## GOAL OF THE EXERCISE
When you write out the listing, keep every character and omit the pictures.

## DATASET SECTION

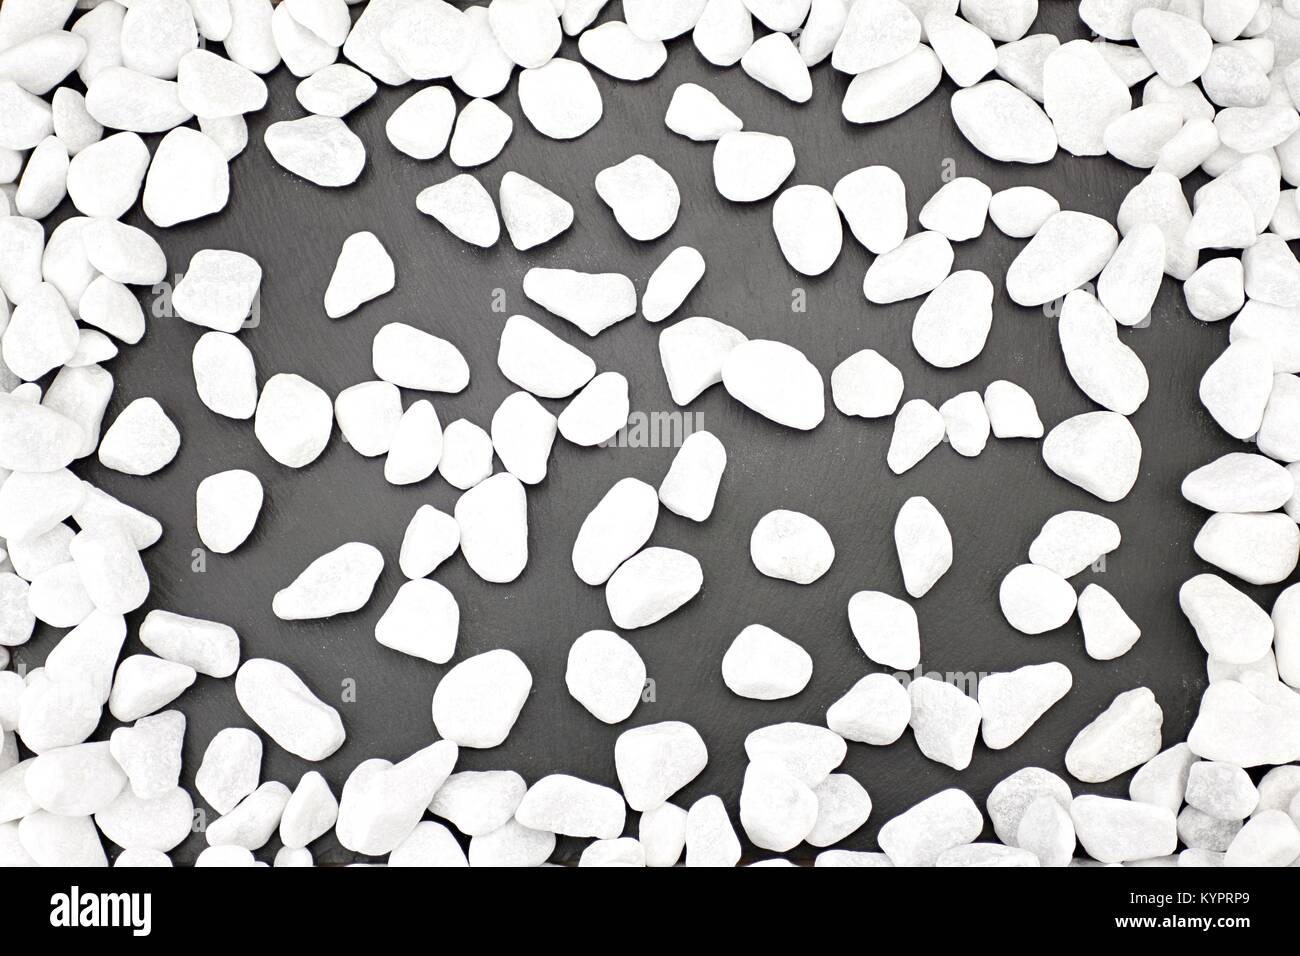 Black background with white pebbles Stock Photo
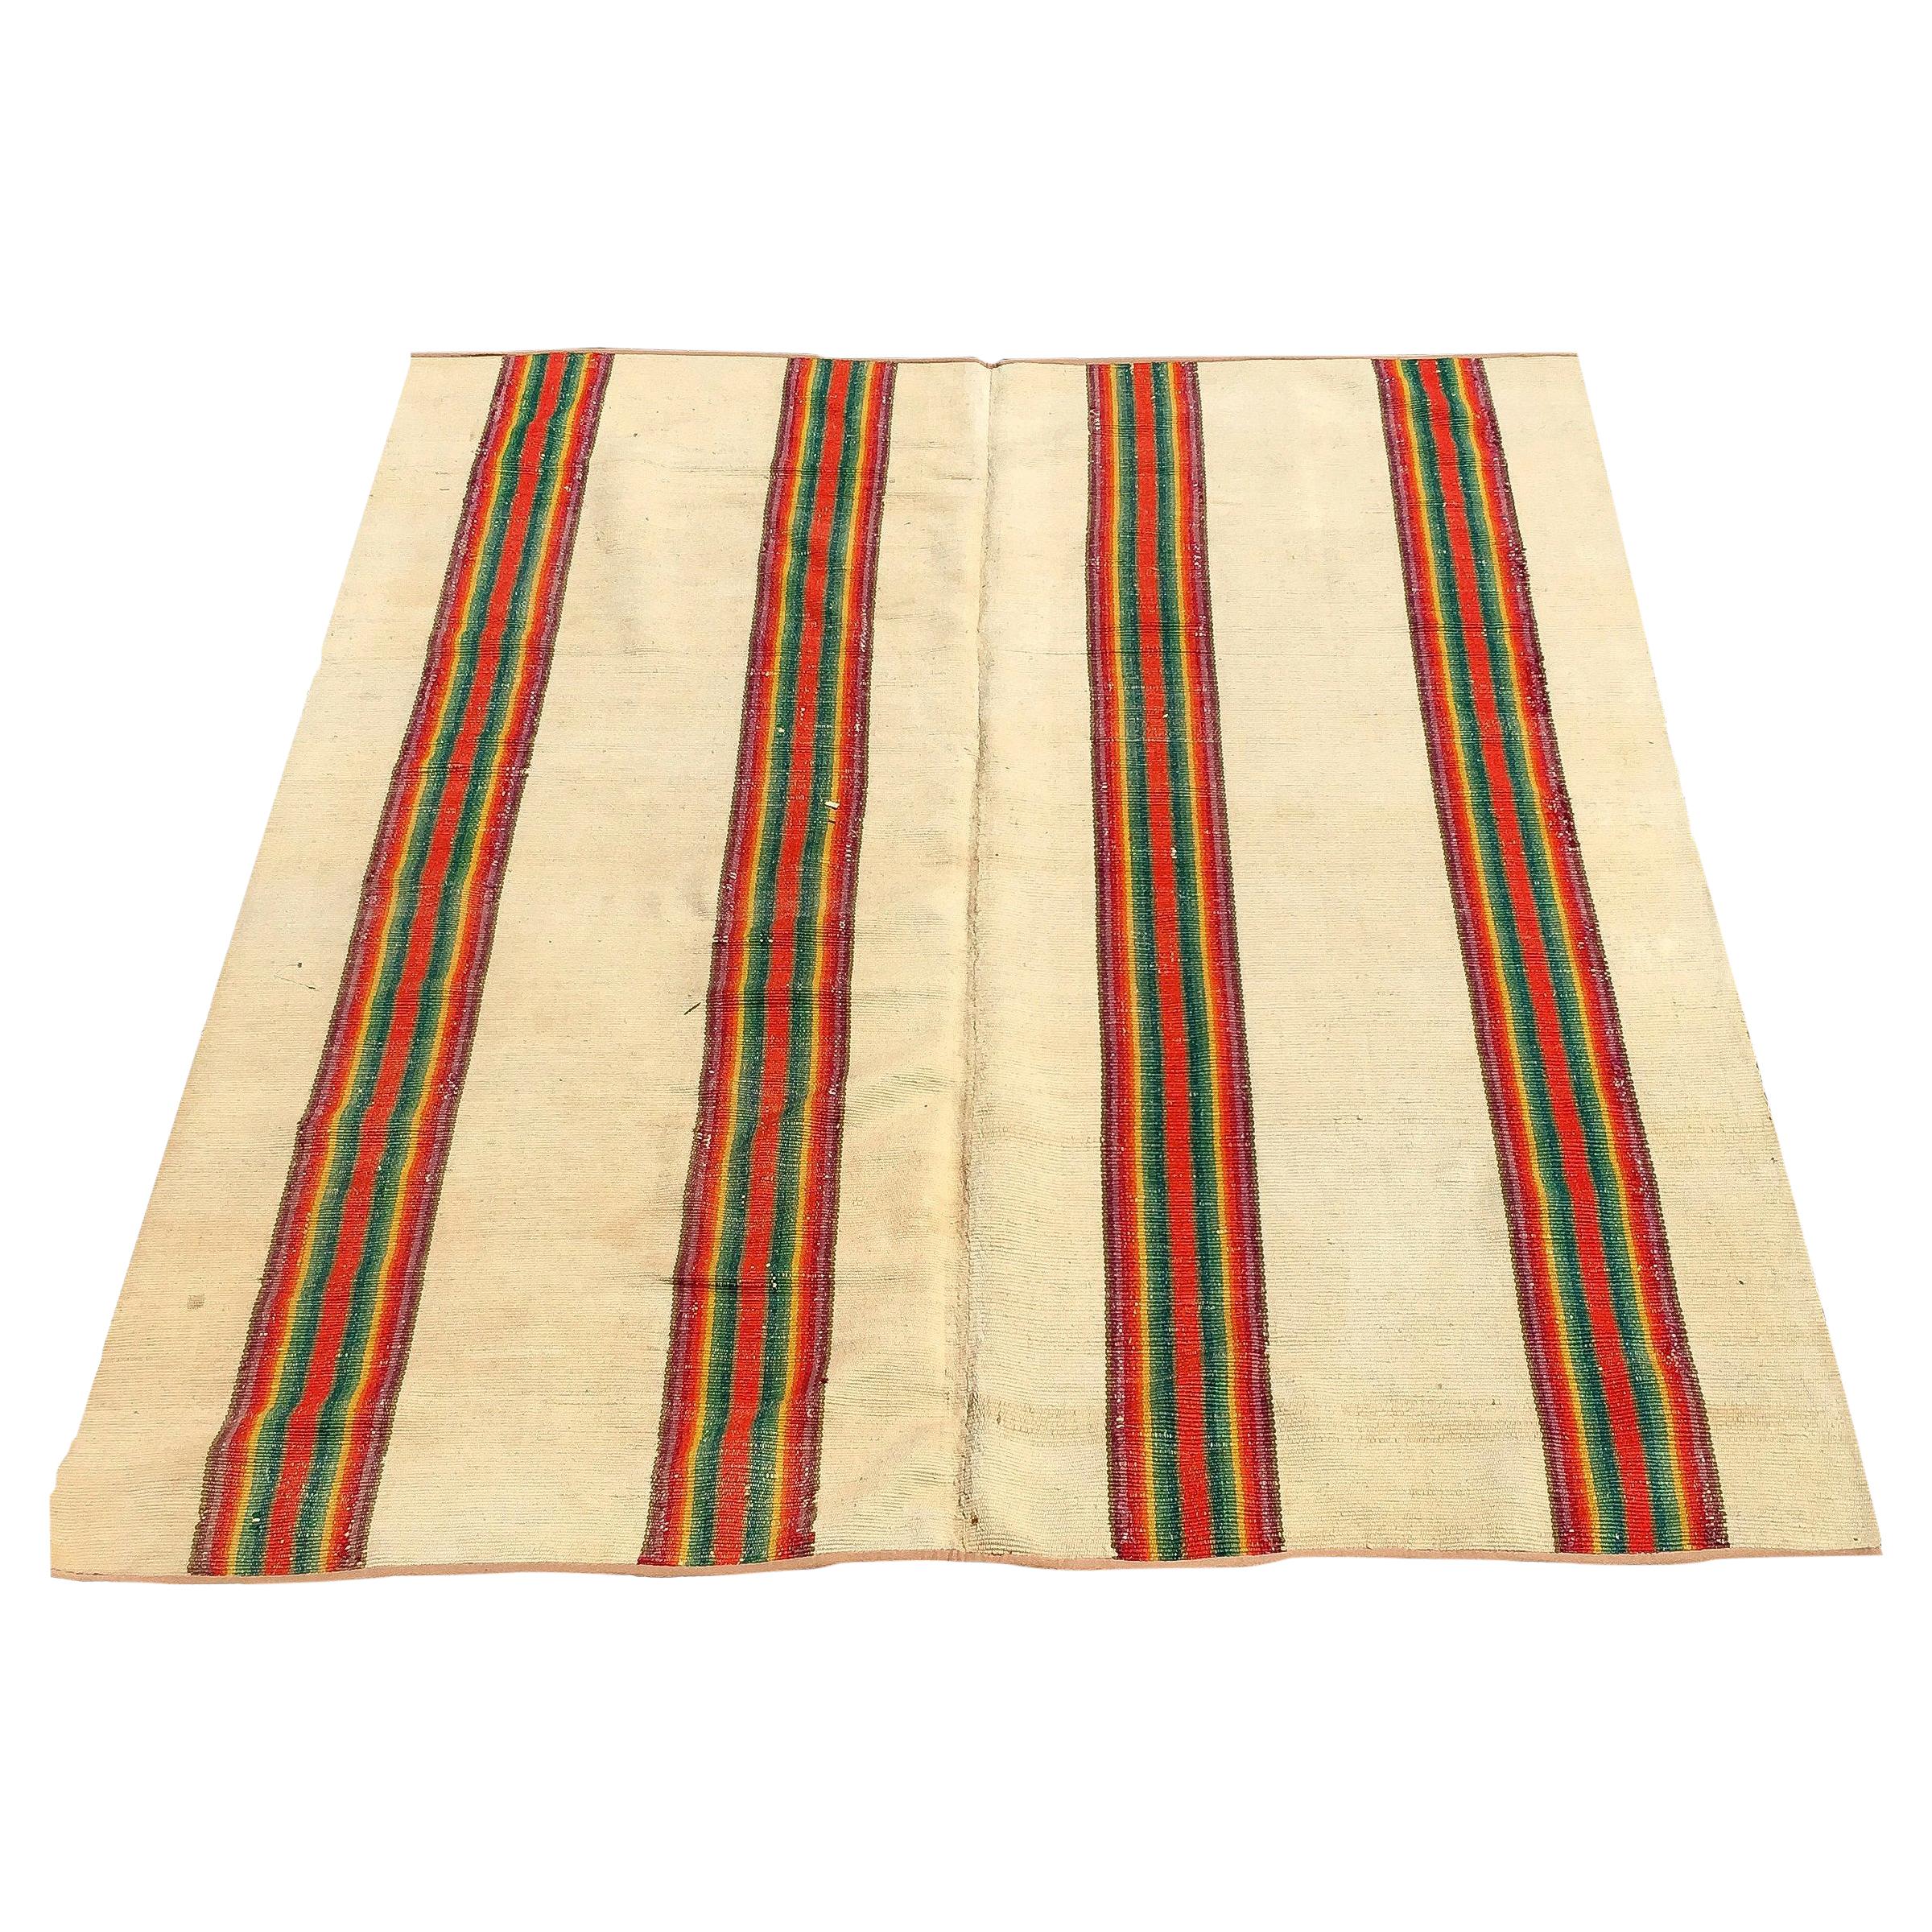 19th Century American Reversible Venetian Striped Carpet
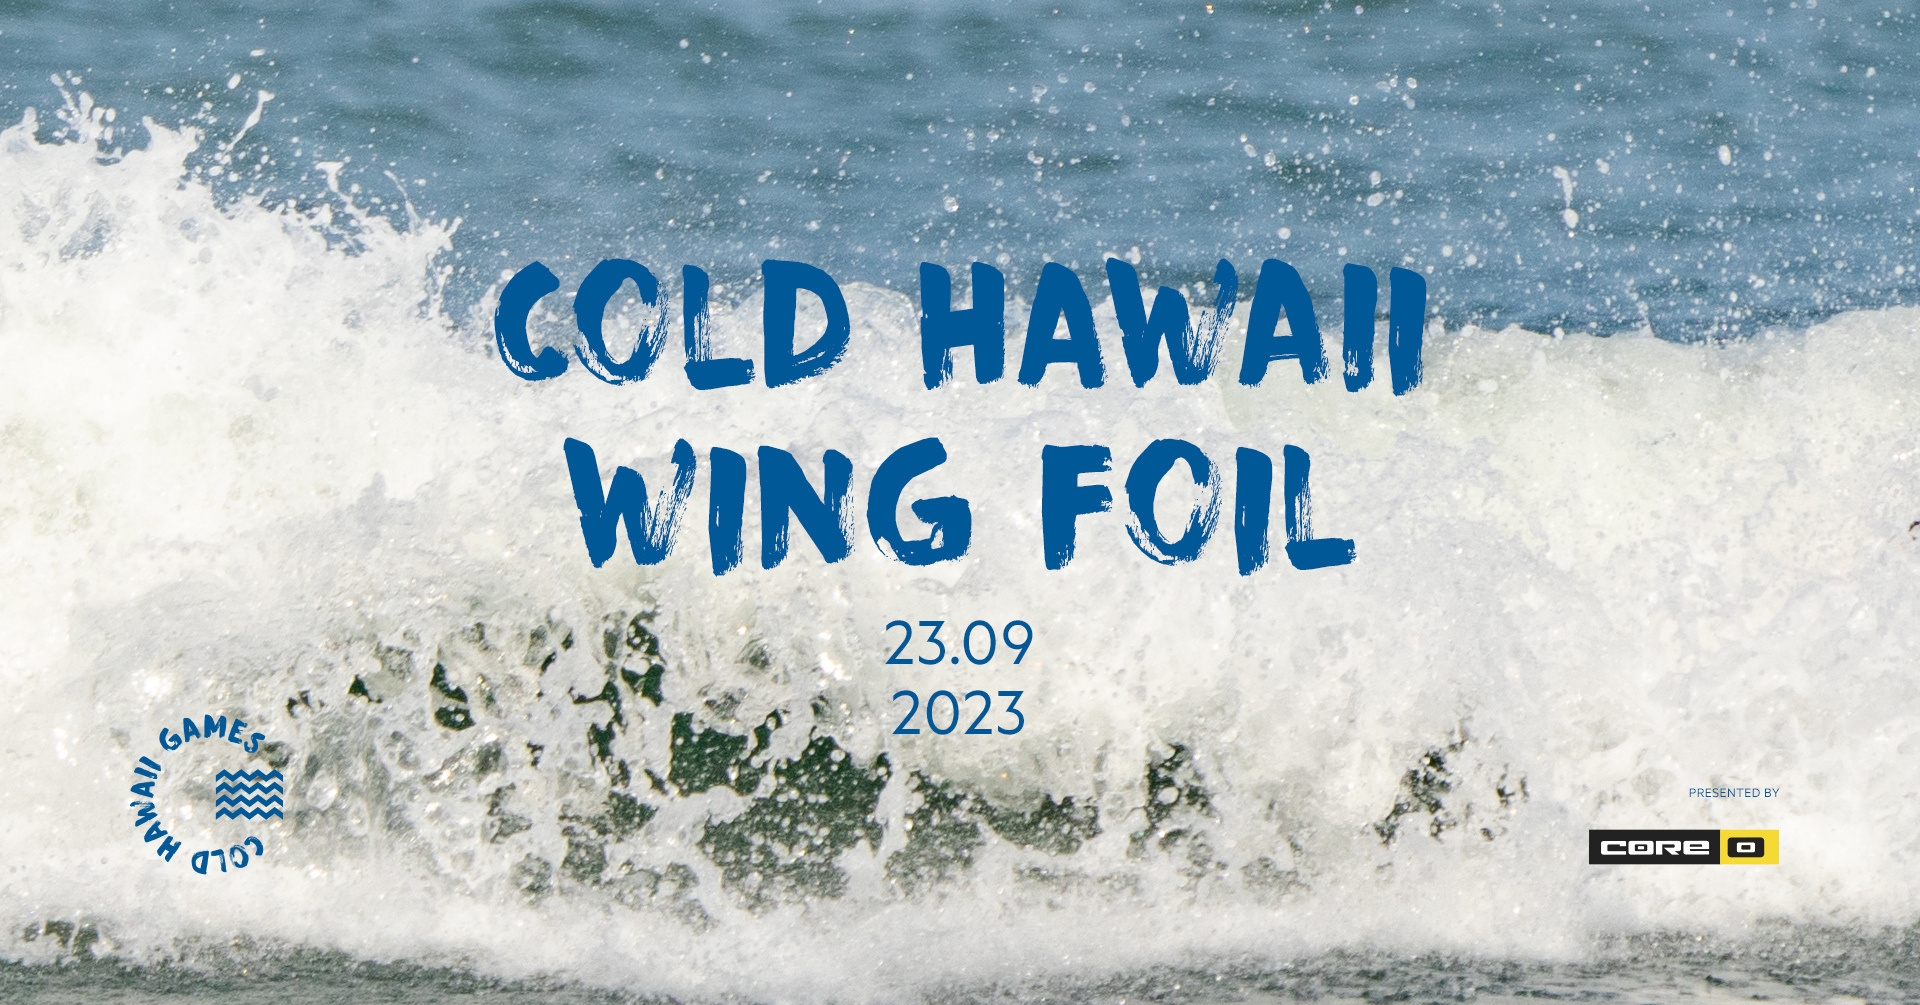 Cold Hawaii Games

## RESULT OF THE TASK
 Black background with white pebbles Stock Photo
 19th Century American Reversible Venetian Striped Carpet
 Cold Hawaii Games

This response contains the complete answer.